**Exercise requirements**
Would you transcribe the records below from the line with "Sterling Silver Bracelets" to the line with "Framed Still Life", ends included, exactly and with nothing more, leaving the pictures out?

**Records for processing**
"""

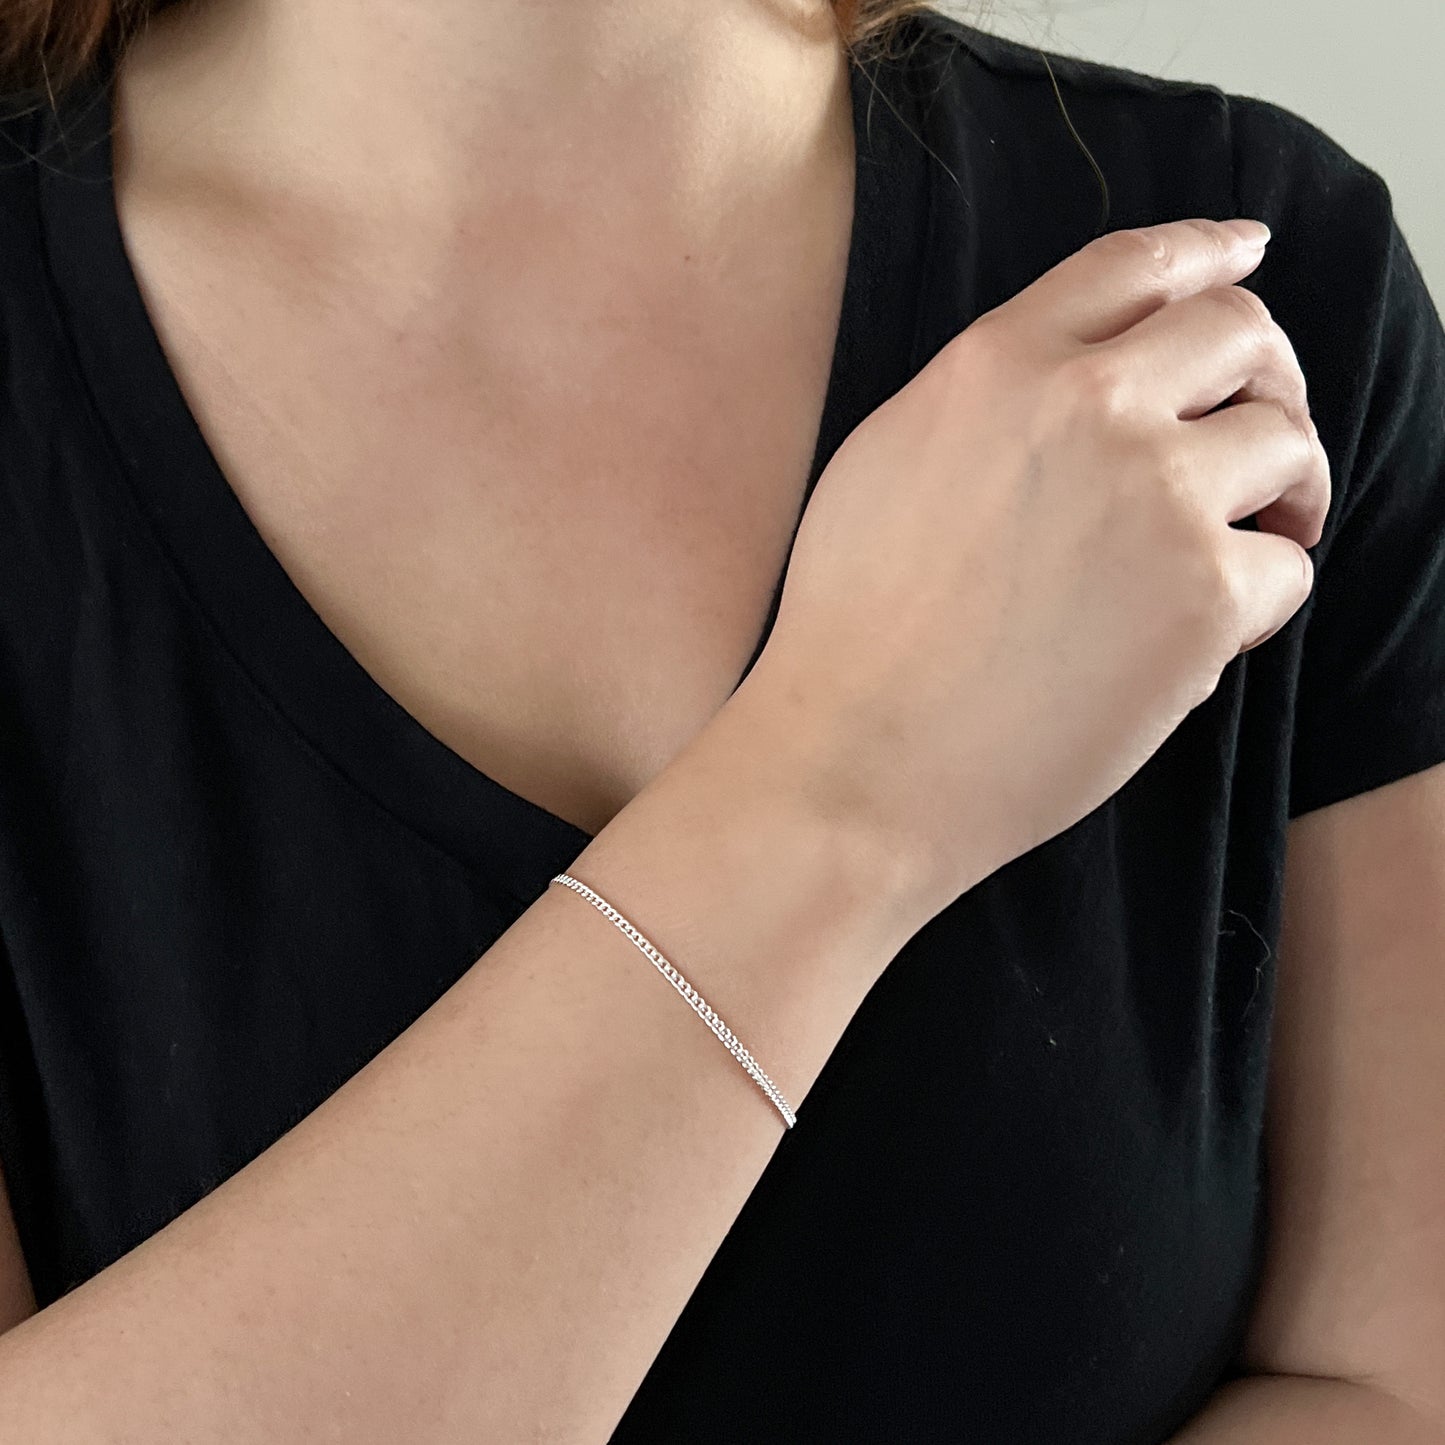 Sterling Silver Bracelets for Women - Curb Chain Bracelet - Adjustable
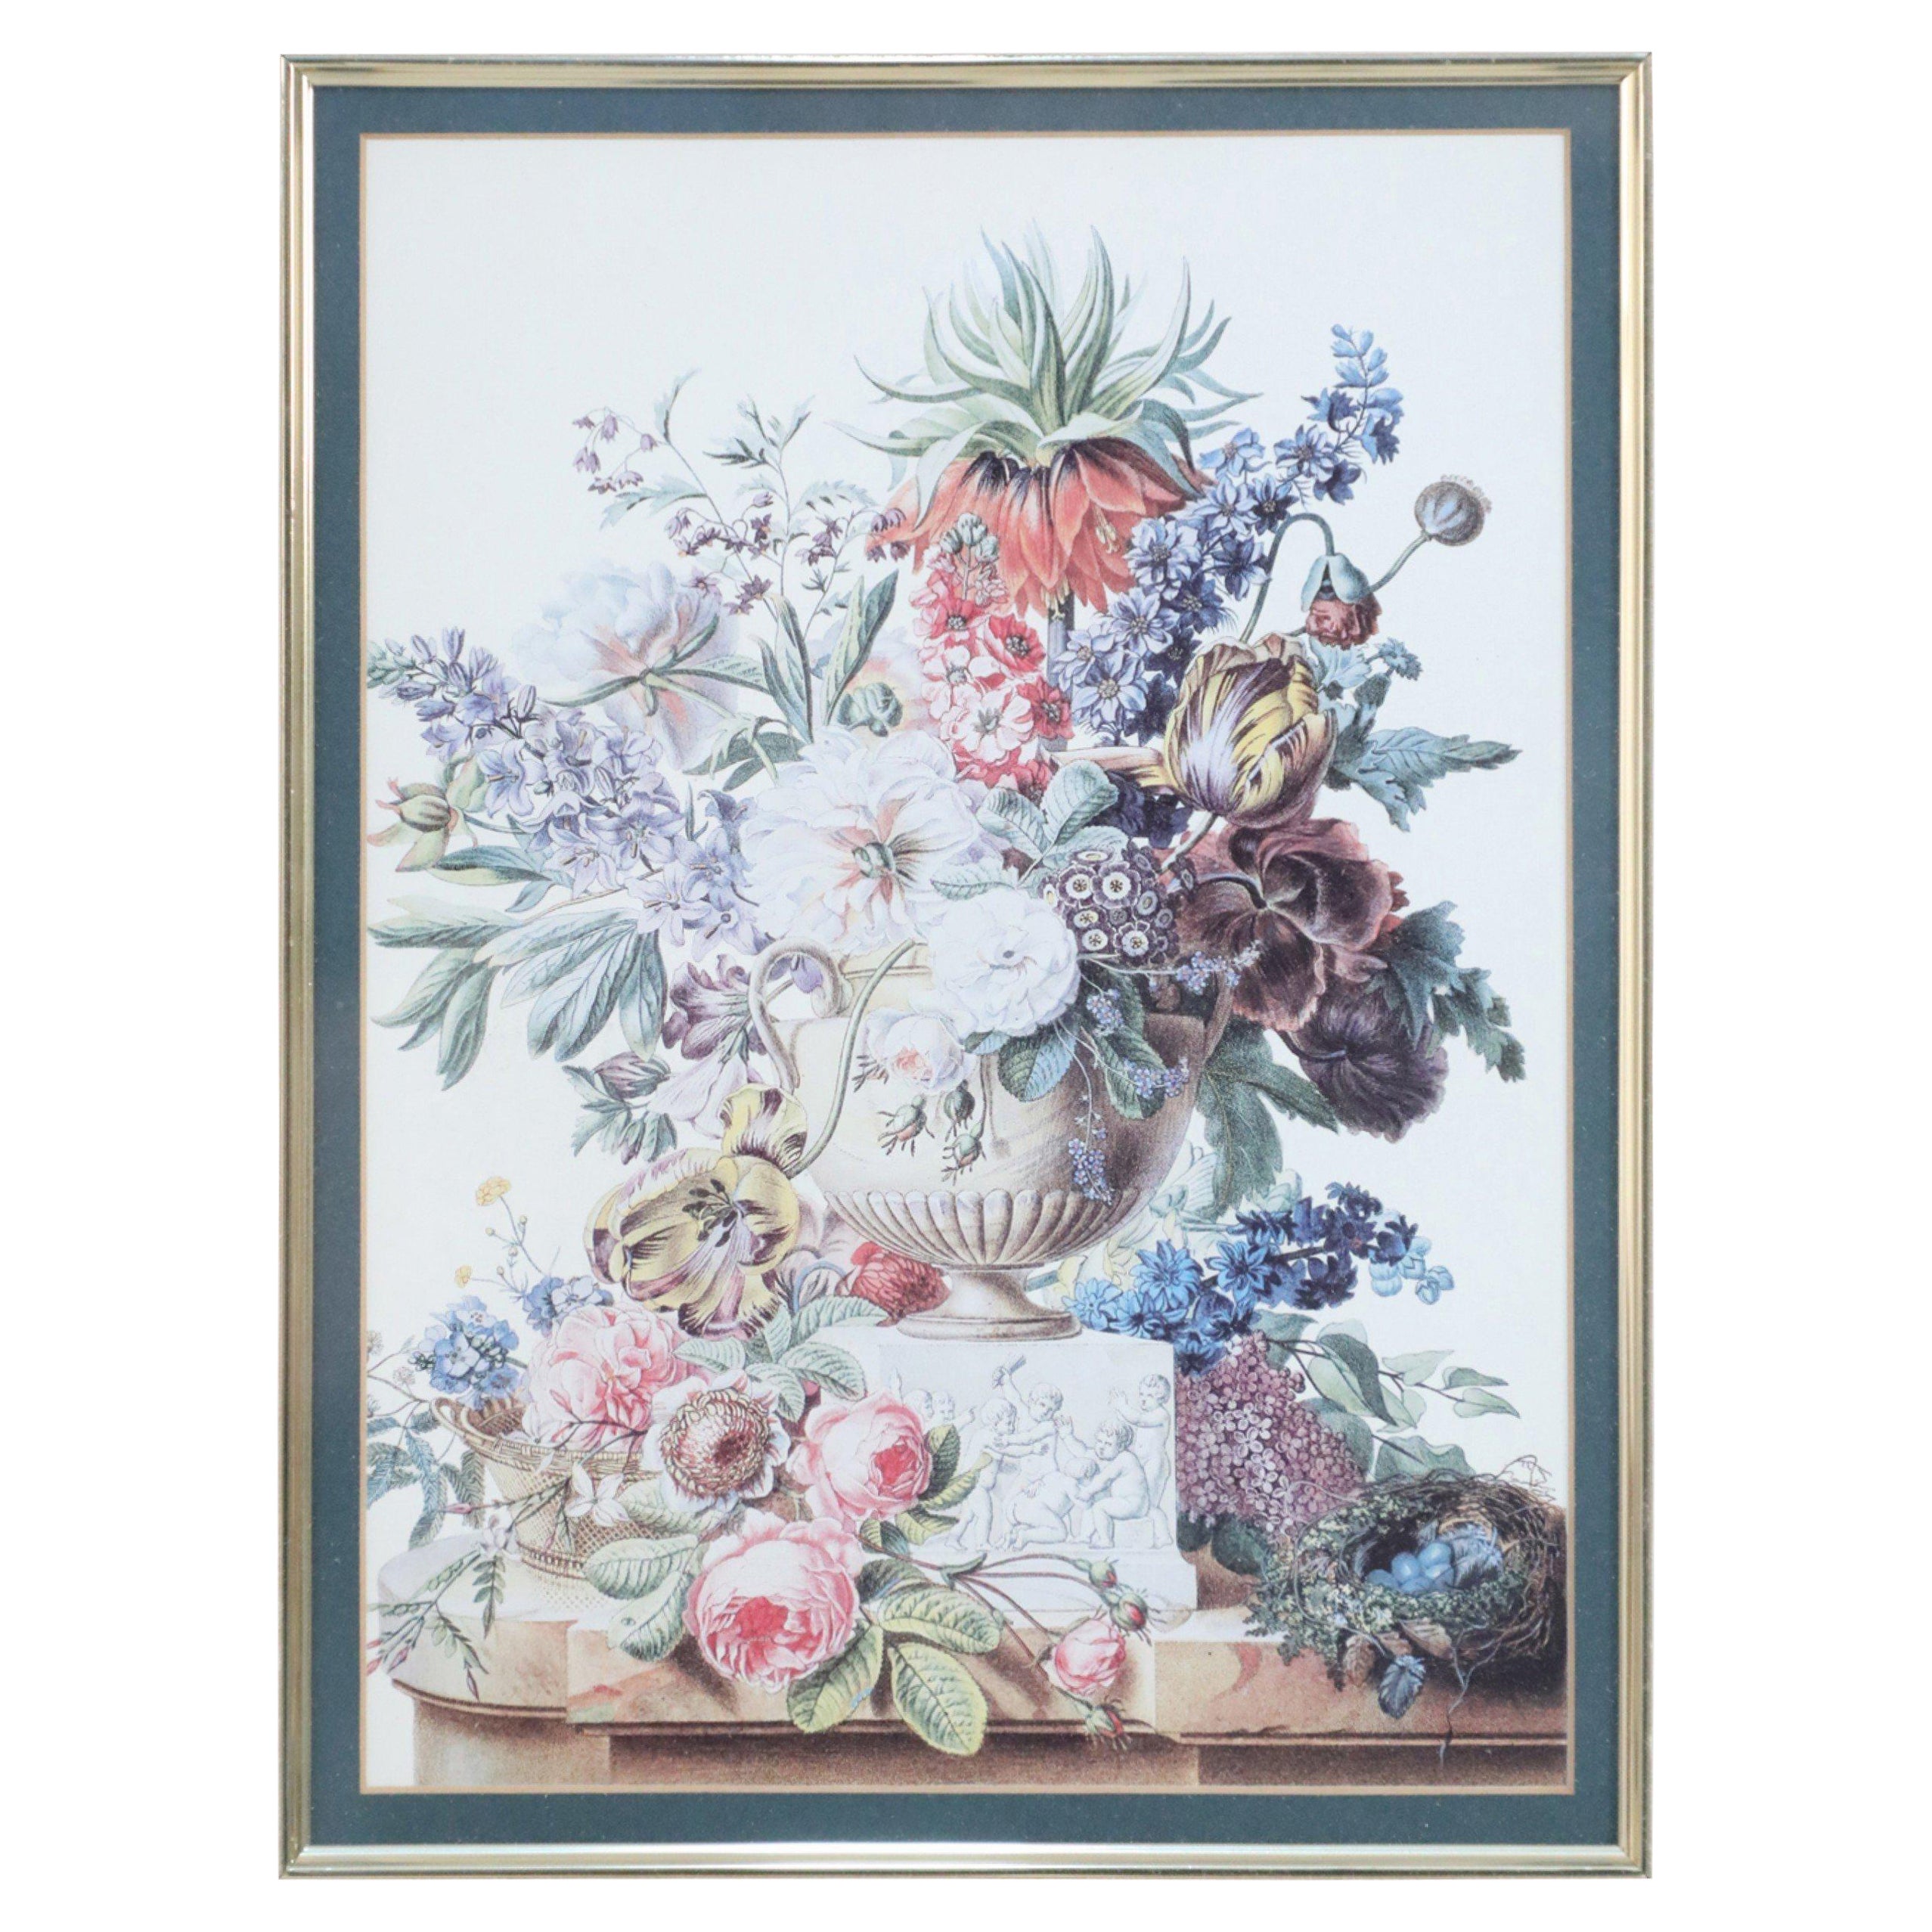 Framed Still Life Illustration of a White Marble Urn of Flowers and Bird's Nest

"""
"""

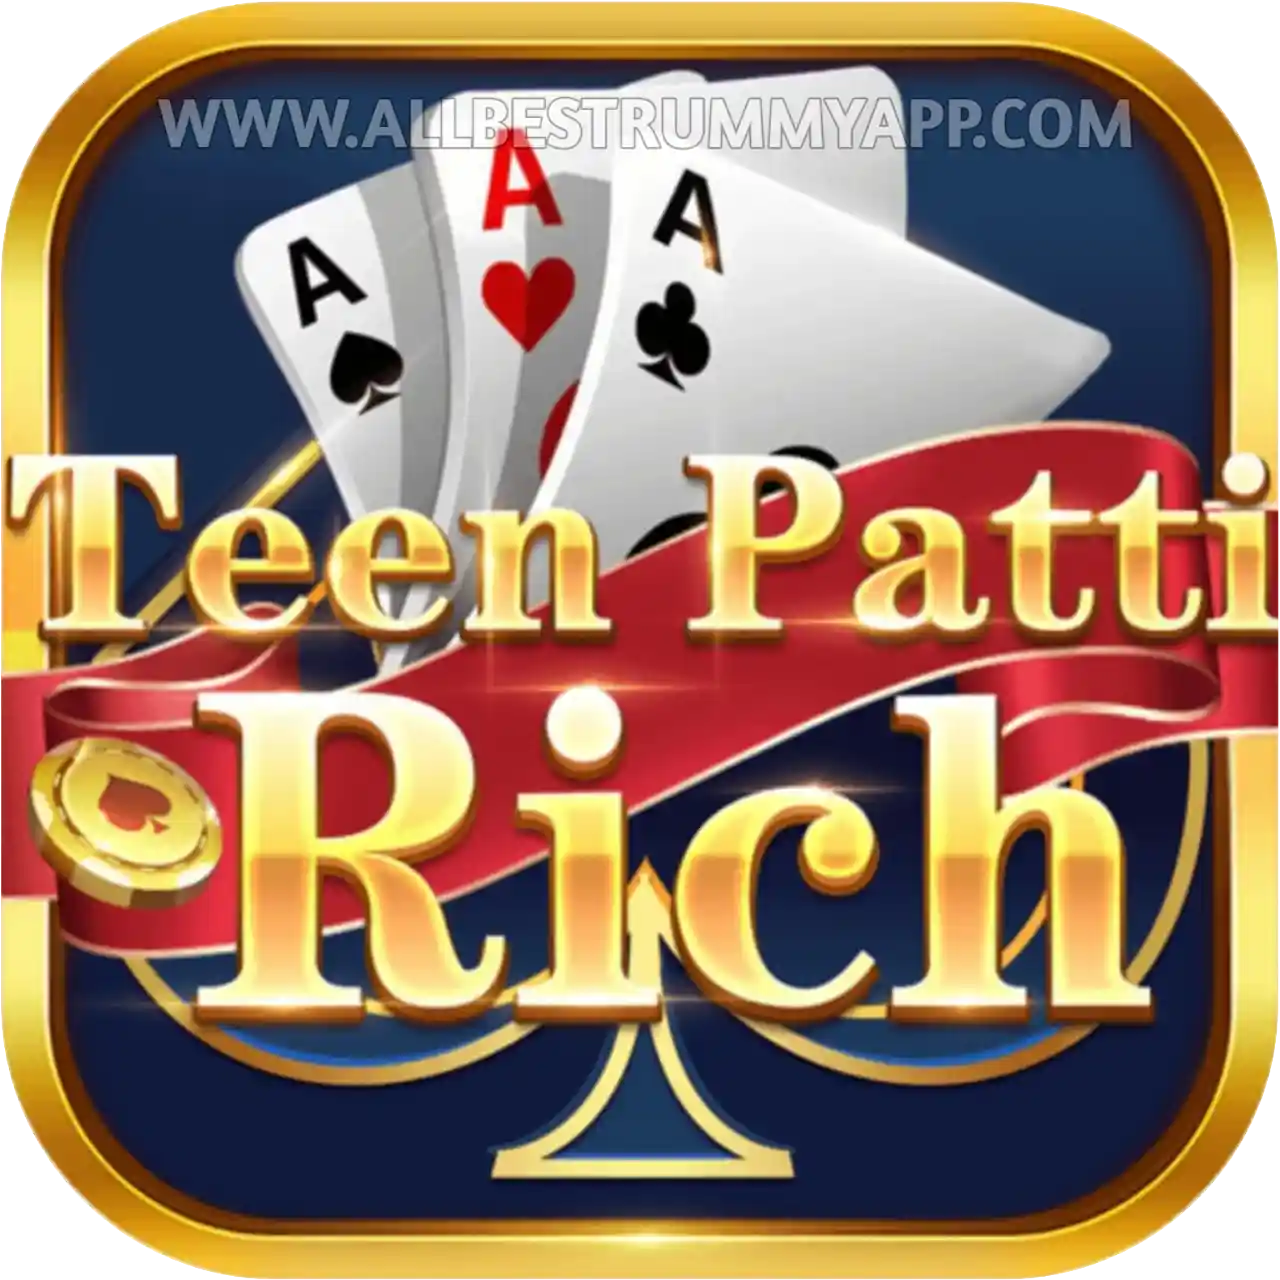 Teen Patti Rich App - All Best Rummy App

"""

**Solution to this problem**
 Sterling Silver Bracelets for Women - Curb Chain Bracelet - Adjustable
 Framed Still Life Illustration of a White Marble Urn of Flowers and Bird's Nest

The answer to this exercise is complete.